Miranti recommends starting with a once-daily monotherapy. Another treatment trend is 1726-nanometer acne lasers, such as AVICLEAR, the first 1726 nm on the market that clears acne by targeting the sebaceous glands and reducing inflammation. The FDA had cleared AVICLEAR in March 2022. The second laser to be FDA cleared was ACCURE, targeting sebum in the sebaceous gland.
Other trends include addressing post-inflammatory hyperpigmentation and scarring early by using topicals, having completely clear skin, and the spread of bad skincare advice on TikTok.
Rosacea Trends
Until recently, it has been slow in the rosacea space. Miranti mentioned a new drug on the market—an oral low-dose 40 mg minocycline HCI Extended-Release Caps that can reduce redness, papules, and pustules.
Rosacea treatment trends are becoming more sophisticated. Rather than just prescribing RX Metronidazole, a patient may need all the following: An oral low-dose, sub-antimicrobial, anti-inflammatory dose of antibiotic, a vasoconstrictor in the morning to control persistent facial erythema, and a topical like Ivermectin to address the papules and pustules. On top of that, your patient may need pulse dye laser treatments to destroy Telangiectasia and a good skincare routine for those with rosacea.

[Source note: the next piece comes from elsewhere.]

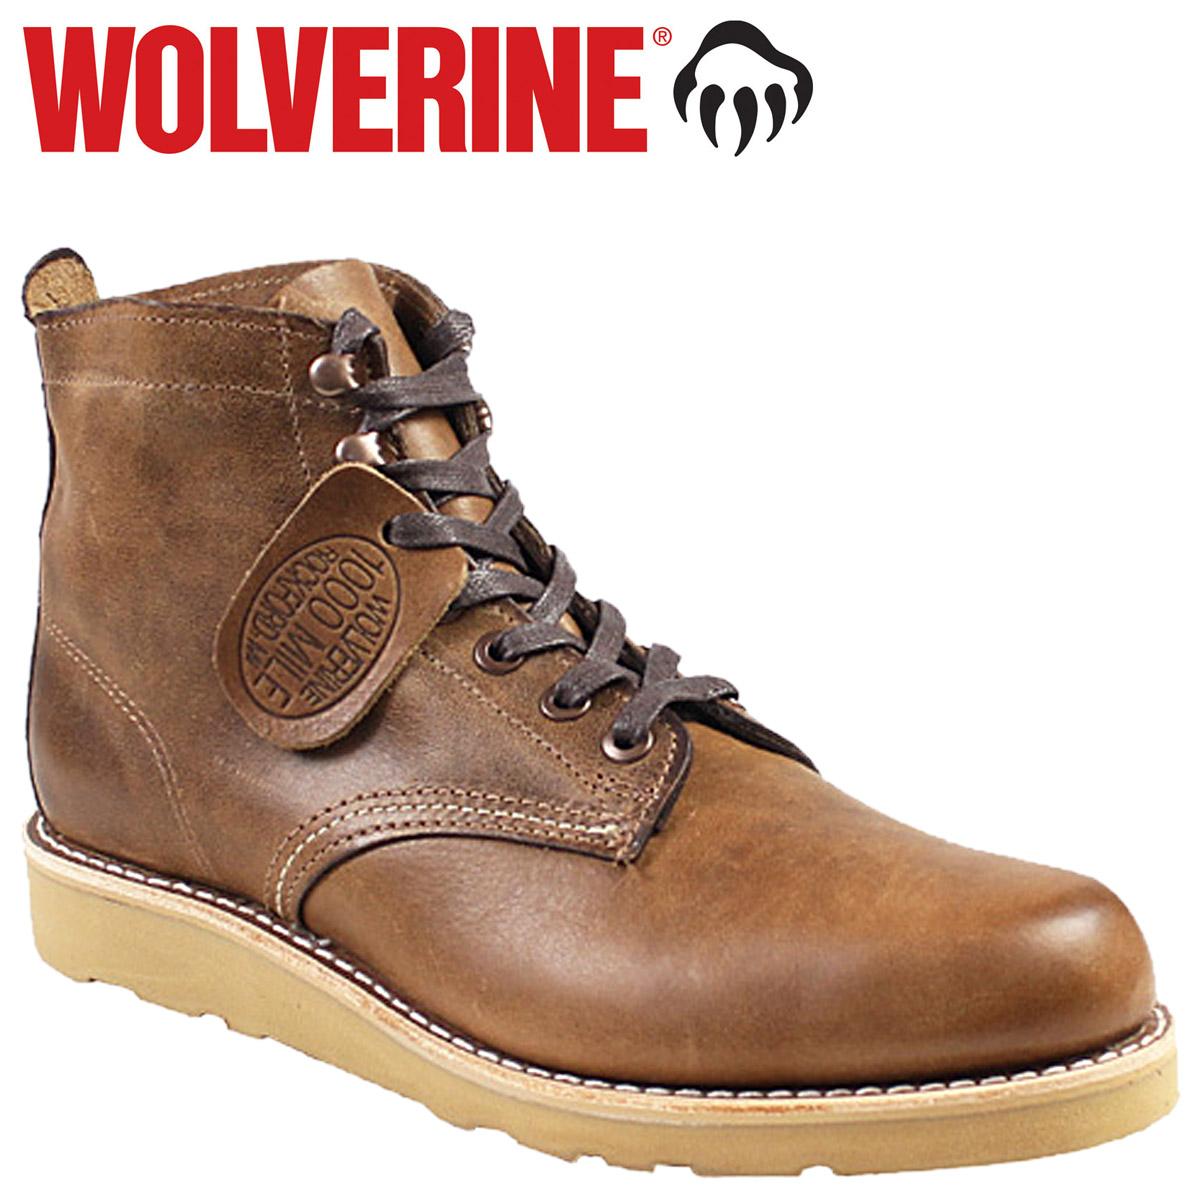 46ad7d4cf69 Glasgow Prestwick Wolverine WOLVERINE 1000 mile W00915 Brown Wolverine,  leather men's work boots, wedge boots PRESTWICK 1000 MILE WEDGE BOOT D wise  ...
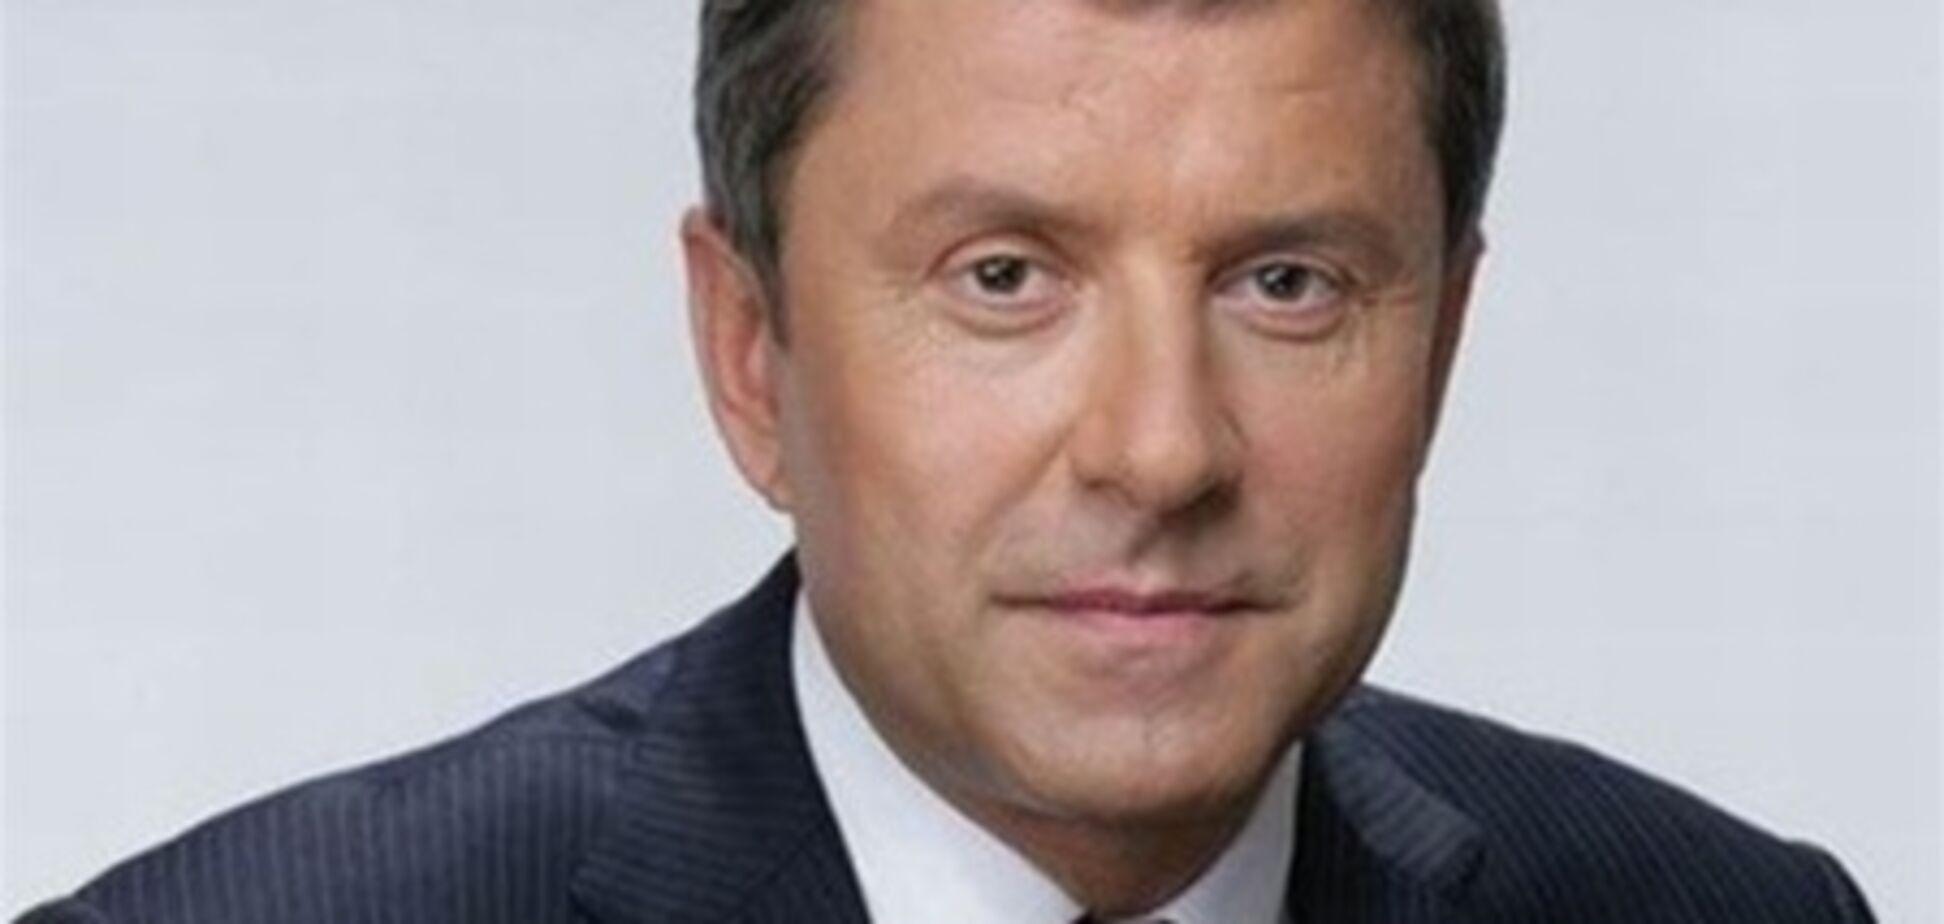 Пилипишин призвал Тягнибока прекратить противостояние на 223 округе

Treating Both Acne and Rosacea
Miranti stressed the importance of being very specific with skincare recommendations when a patient has both acne and rosacea. A patient will need a therapeutic regimen that can help their skin without compromising their skin barrier and aggravating either acne or rosacea.
“One interesting overlap is benzoyl peroxide,” Miranti said. “For years, I did not believe benzo peroxide should ever be used on a rosacea patient until a [benzoyl peroxide] therapy came out and was specifically FDA approved for rosacea a number of years ago. This therapy proves that certain formulations of benzoyl peroxide can be used on our rosacea patients and can and can get some very nice efficacy.”
Relevant disclosures for Miranti include Galderma Laboratories,Incyte Corporation, Verrica Pharmaceuticals, Ortho Dermatologics, a division of Bausch Health US, Almirall, and Arcutis Biotherapeutics.